Tego dnia, a było na kilka dni przed wizytą Burana odwiedziliśmy jaworznickie wzgórze Korzeniec. Zakwitła leszczyna pospolita - Corylus avellana. Znaczy się mogliśmy obwieścić początek przedwiośnia.
A potem ekipa telewizyjna sobie pojechała a ja ruszyłem na spacer po wzgórzu. Oto skupisko suchych traw. Sprawiają wrażenie kłosownicy - Brachypodium.
Pomiędzy nimi zauważyłem mech. Oznaczyłem go jako brodawkowiec czysty - Pseudoscleropodium purum.
Potem zajrzałem do przyległej buczyny. To południowy stok wzgórza.
Na ziemi zalega spora warstwa suchych liści. Jak wiadomo powszechnie dopiero za cztery lata zamienią się w humus.
Była tam także spora kępa mchu.
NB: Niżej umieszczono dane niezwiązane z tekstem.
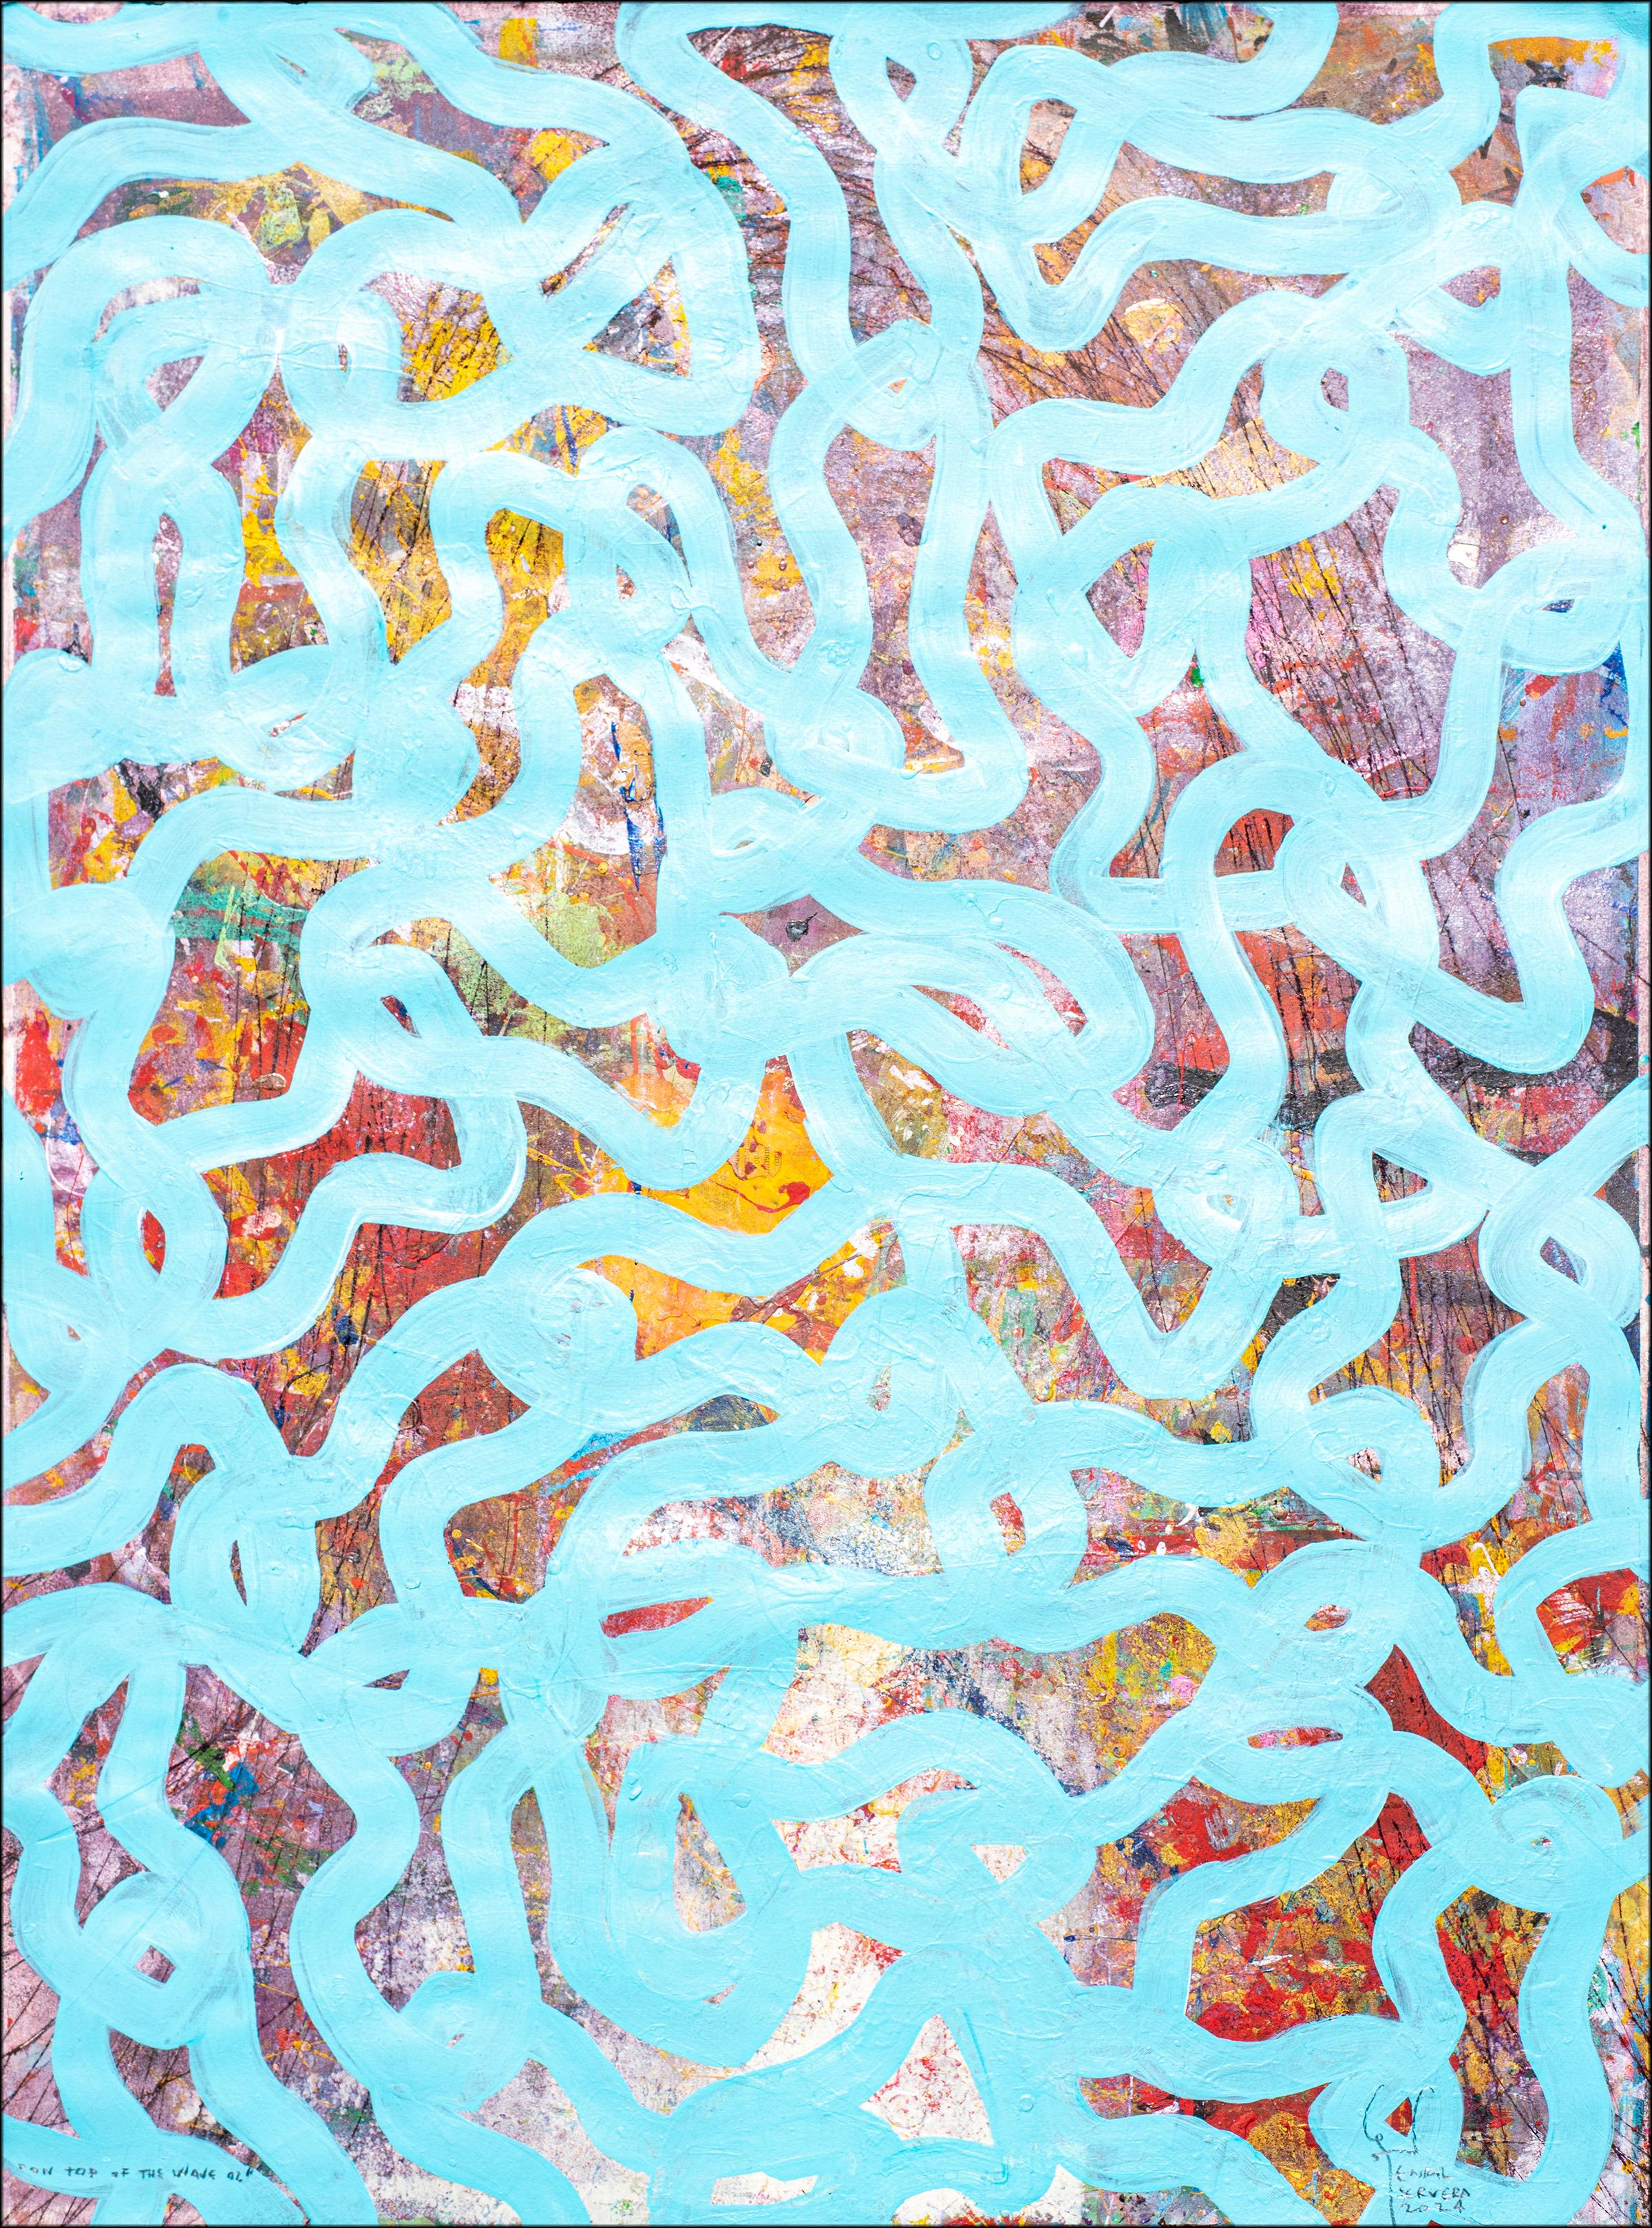 On Top of the Wave, Turquoise Fish Drawing Patterns, Subtle Background Seascape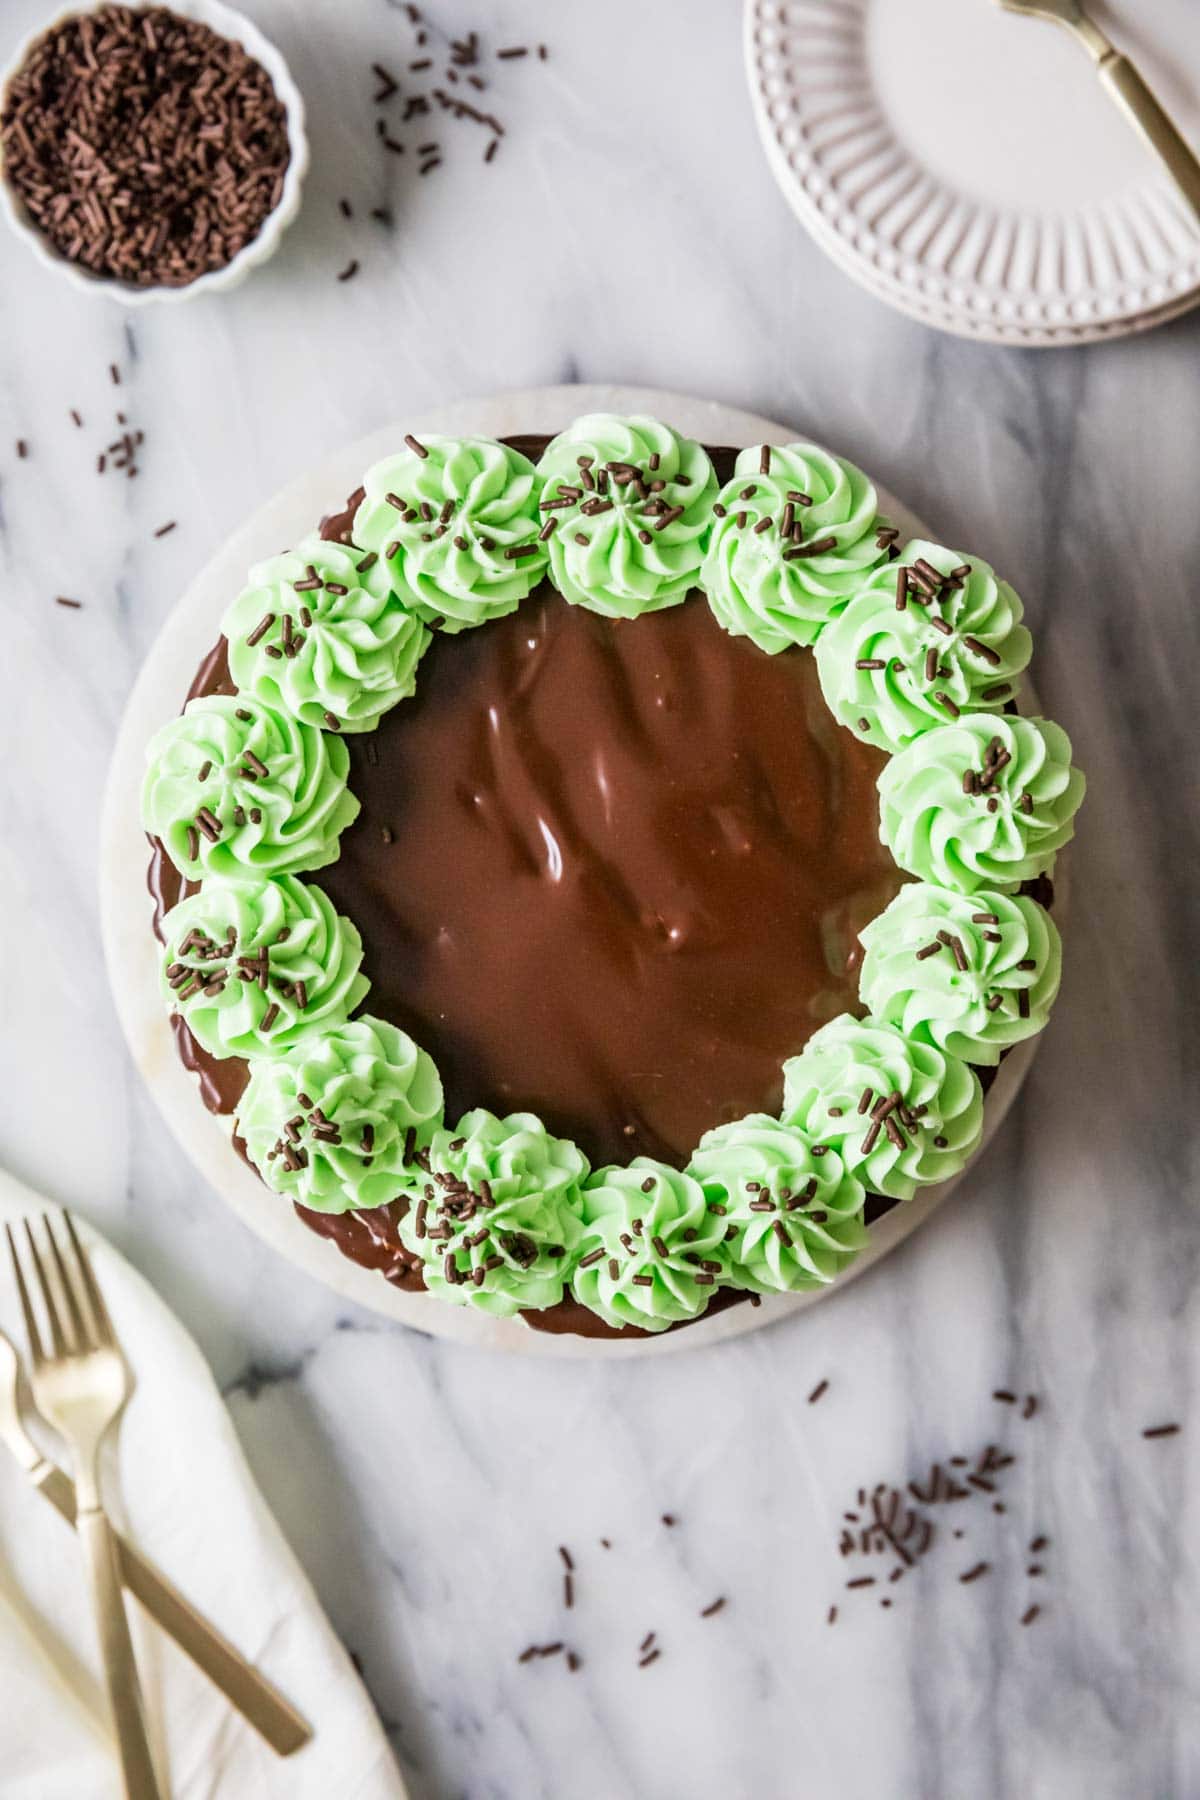 Overhead view of a cake topped with chocolate ganache and piped mint frosting swirls.

Tego gatunku nie mam w zbliżeniu.
Oto mech rosnący u podstawy pniaka po ściętym buku - Fagus sylvatica. Na razie nie podejmuję się jego oznaczenia.
Przez las poprowadzono drogę do istniejącej tutaj wieży przeciwpożarowej.
W jej okolicy zauważyłem omszały pniak.
Póki co wydaje mi się, że jest to rokiet cyprysowaty - Hypnum cupressiforme.
Teraz ruszyłem na zachód początkowo grzbietem a potem ścieżką wzdłuż północnego skraju buczyny.
Po pewnym czasie natknąłem się na omszały kamień. Dokładniej to dolomit retu, najwyższego piętra triasu dolnego.
Tutaj uważam, że pomiędzy mchami dominuje opończyk - Encalypta streptocarpa.
Na północ od buczyny znajduje się takie powiedzmy byle co.
W buczynie i tutaj na granicy znajdujemy przylaszczki - Hepatica nobilis. Wiele wskazuje na to, że nazwa rodzajowa Hepatica długo się nie utrzyma.
Jest też jakaś turzyca - Carex.
Oto omszały kamień oznaczający pole górnicze.
Tego mchu także nie oznaczyłem.
W końcu wyszedłem na stok zachodni. Generalnie zawsze go lekceważyłem. Jak się potem okazało niesłusznie.
I teraz zaczyna się to co najważniejsze. Oto moje drugie notowanie na terenie Jaworzna różyczkoprątnika - Rhodobryum roseum. Przed długi czas wahaliśmy się co do przynależności tego gatunku. W końcu pozyskałem okazy, które zawiozłem do Krakowa. Ryszard Ochyra locuta, causa finita. Pozostałe gatunki z tego obrzeża też zostały przez niego oznaczone. Część z nich pokażę w fotoreportażu wykonanym w dniu 5 kwietnia.
Naszemu bohaterowi towarzyszył płożymerzyk - Plagiomnium affine, co w pewnym momencie trochę mnie zmyliło.
Gatunkiem dominującym w tym miejscu jest Eurhynchiastrum pulchellum.
I ponownie Rhodobryum roseum.
I jeszcze raz Eurhynchiastrum pulchellum.
A poza tym jest tam jeszcze między innymi sporo opończyka - Encalypta streptocarpa. Obecność tego gatunku oraz nietypowe siedlisko dawały nadzieję na znalezienie tutaj Rhodobryum ontariense. Zobaczyłem w Krakowie także ten gatunek, więc teraz już wiem, za czym się rozglądać.
I na zakończenie południowy skraj wzgórza.
A tuż przy drodze w charakterze odpadu pojawiły się połamane bloki lodu.